*PROBLEM:* Your copy should match the listing word for word, apart from the pictures, which are left out.

*STORED DATA:*
--

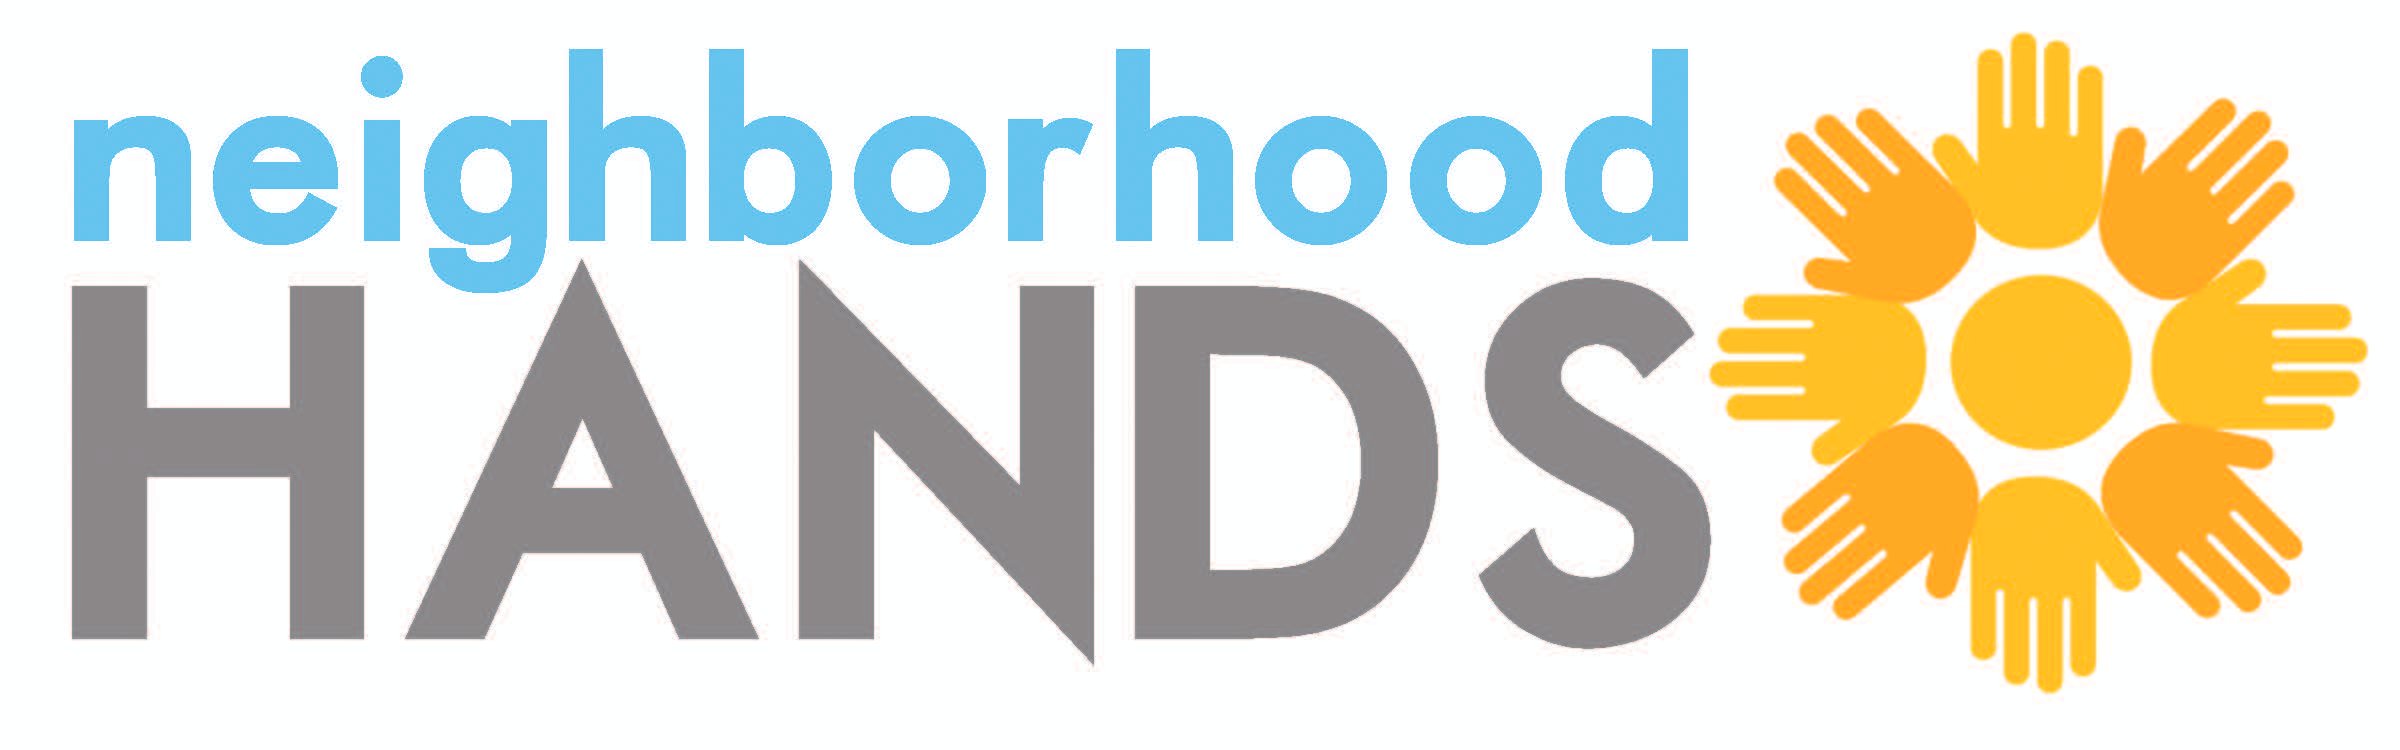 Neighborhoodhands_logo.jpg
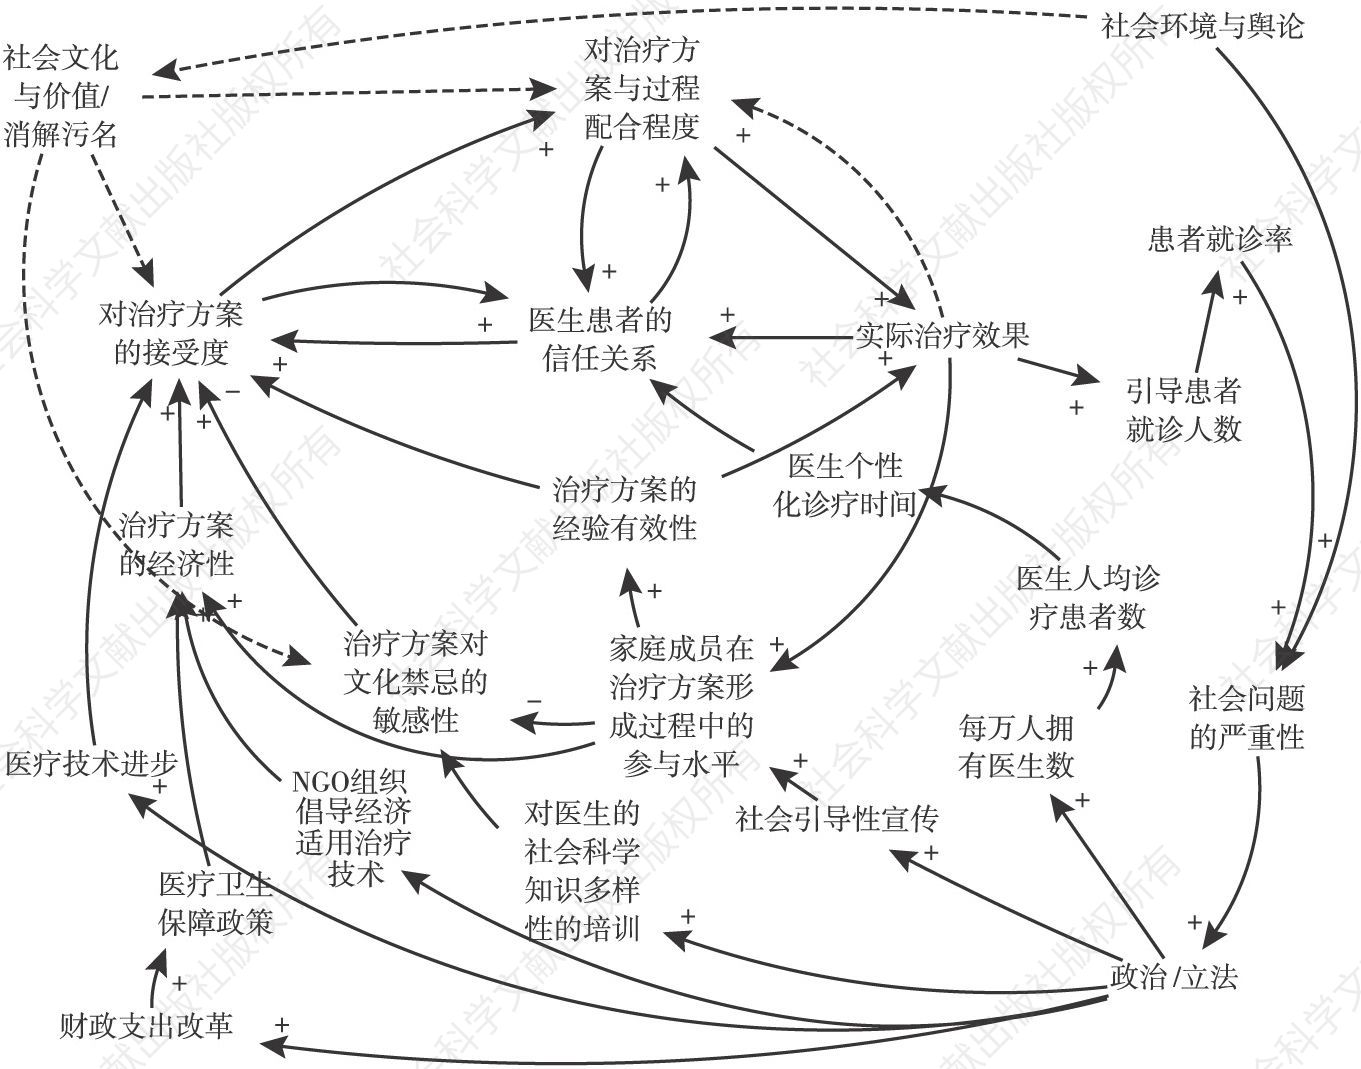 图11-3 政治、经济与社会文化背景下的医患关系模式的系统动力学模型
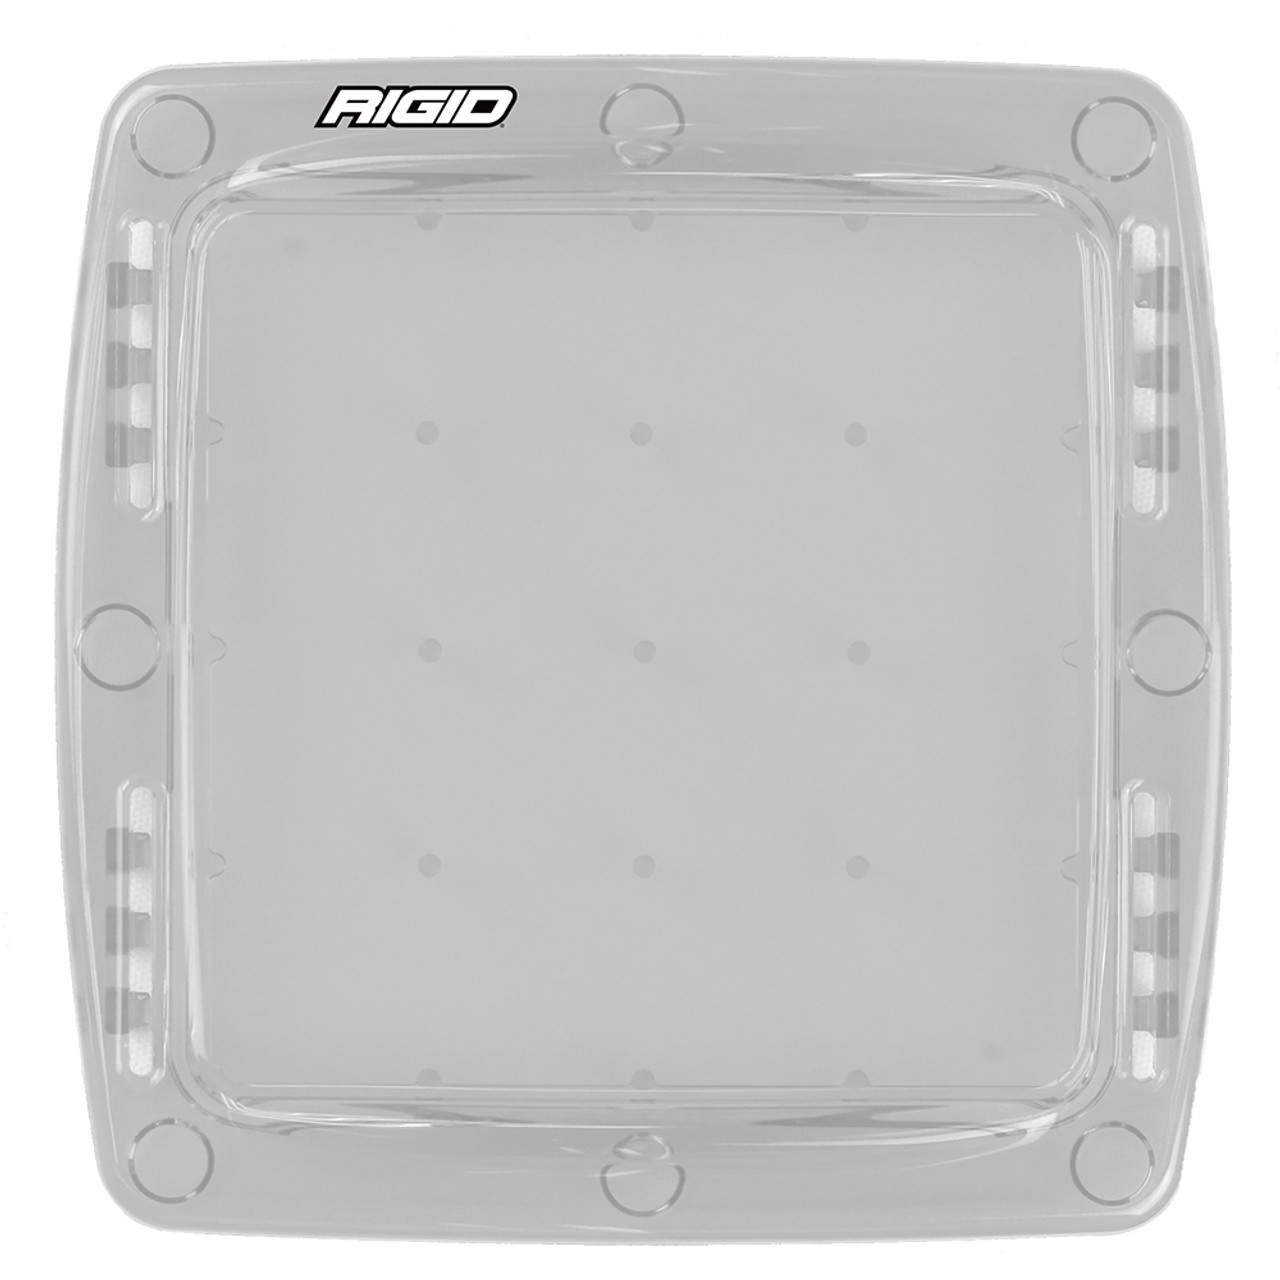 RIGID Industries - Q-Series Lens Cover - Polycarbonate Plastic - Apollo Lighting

--

*WRITTEN SOLUTION:*
 Neighborhoodhands_logo.jpg
 图11-3 政治、经济与社会文化背景下的医患关系模式的系统动力学模型
 RIGID Industries - Q-Series Lens Cover - Polycarbonate Plastic - Apollo Lighting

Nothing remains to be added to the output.